Gene Editing Controversy
The use of CRISPR-Cas9 to manipulate the germline has a tremendous upside to treat patients’ diseases. This technology, in addition, has the potential to enhance desirable traits, such as vision hearing or I. Q.
However, a worrisome concern is that this nascent technology is not foolproof. There is off target effects wherein Cas9 attaches to off-targeted sites with unforeseen consequences. Such gene editing has mistakenly deleted and rearranged large sections of DNA. Studies warn that CRISPR gene edited cells can trigger cancer.
Dr.

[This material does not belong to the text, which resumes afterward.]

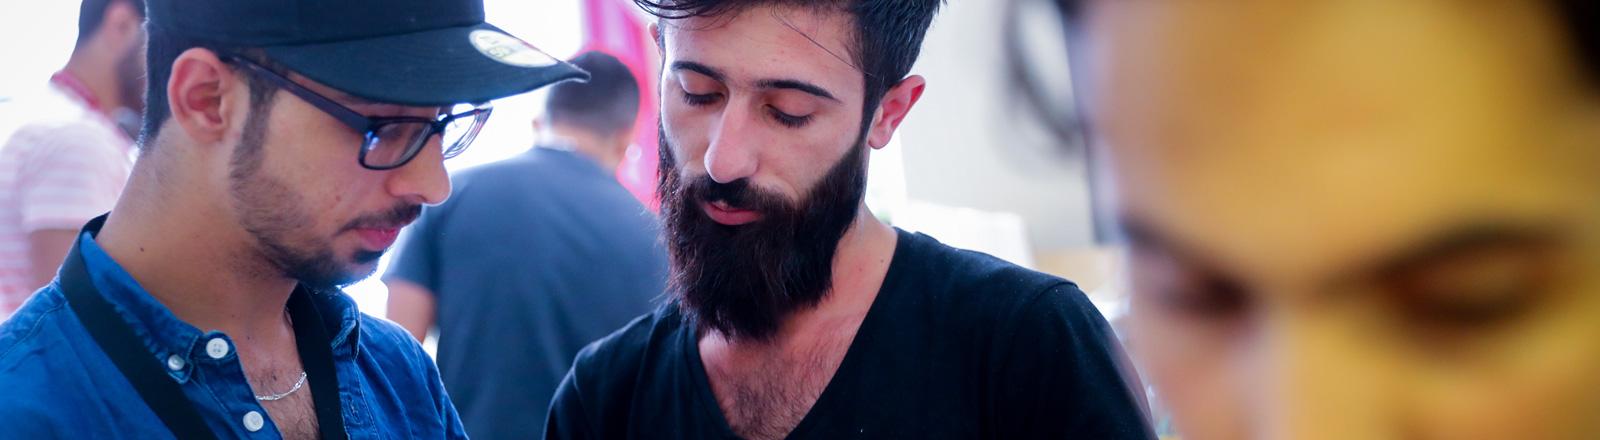 """Syrische Flüchtlinge schauen am 27.07.2016 in Berlin bei der Flüchtlingshilfe """"Moabit hilft"""" auf ein Smartphone. Hier ist ein aktuelles Video von einer verheerenden Bombadierung mit Toten und Verletzten aus Kamischli zu sehen."""

He Jiankui Lulu and Nana
The Chinese gene editing researcher, He Jiankui provoked an international outcry after his announcement in November, 2018 that he created the first genetically edited babies. Dr. Jiankui announced he implanted CRISPR gene edited embryos into a mother’s womb to prevent the babies from becoming infected with H. I. V. He noted that the mother delivered healthy twin girls known by their pseudonyms Lulu and Nana.
He was initially lionized, but soon after was demonized. About a year after his announcement in 2018, the Chines court found Dr Jiankui guilty of: “illegal medical practices” and sentenced him to three years in prison. The court also fined him close to $450,000. The scientific community heaped criticism on Dr. Jiankui.
Dr. Jennifer Doudna asked the scientific community to pause and discuss the ethical and social implications of CRISPR. The director of the National Institute of Health, Dr. Francis Collins, said the experiment was “profoundly disturbing.” Joyce Harper of the University College said Dr. Jiankui’s experimentation with human embryos was “premature and dangerous.”
Yellow Light for Gene Surgeons
CRISPR-Cas9 has given hope to people with genetic and other diseases. There’s also the possibility of enhancing one’s natural traits. CRISPR has the making of being a miracle worker.
But there are warning signs that scientists just don’t know enough about the long term consequences of this technology. The viewpoint among many gene editing scientists is to drive forward cautiously and along the way, pump the brakes. Gene drive can cause untold havoc.
References
- Mia Georgiou; Meet Lulu and Nana, the world’s first CRISPR genome-edited babies; Education Technology, September 30, 2020
- CDC Birth Defects Data & Statistics
- Libo, Ingrid, Zhaurova, Kira; Birth Defects: Causes and Statistics; Nature Education, 2008
- Ashok M. Patil; Gene editing and therapy — A new tool: CRISPR/Cas9; Al Ameen J Med Sci, 2019; 12(3):
- Joseph R. Anticaglia, MD; A 21st Century Scientific Revolution? CRISPR-Case 9; Doctor’s Column, 2021
- Monogenetic Disorders (Single Abnormal Gene); Virtual Genetics Education Centre; University of Leicester
- H. T. Greely; Ethical Issues in the “New” Genetics; International Encyclopedia of the Social and Behavioral Sciences, 2001
This article is intended solely as a learning experience. Please consult your physician for diagnostic and treatment options.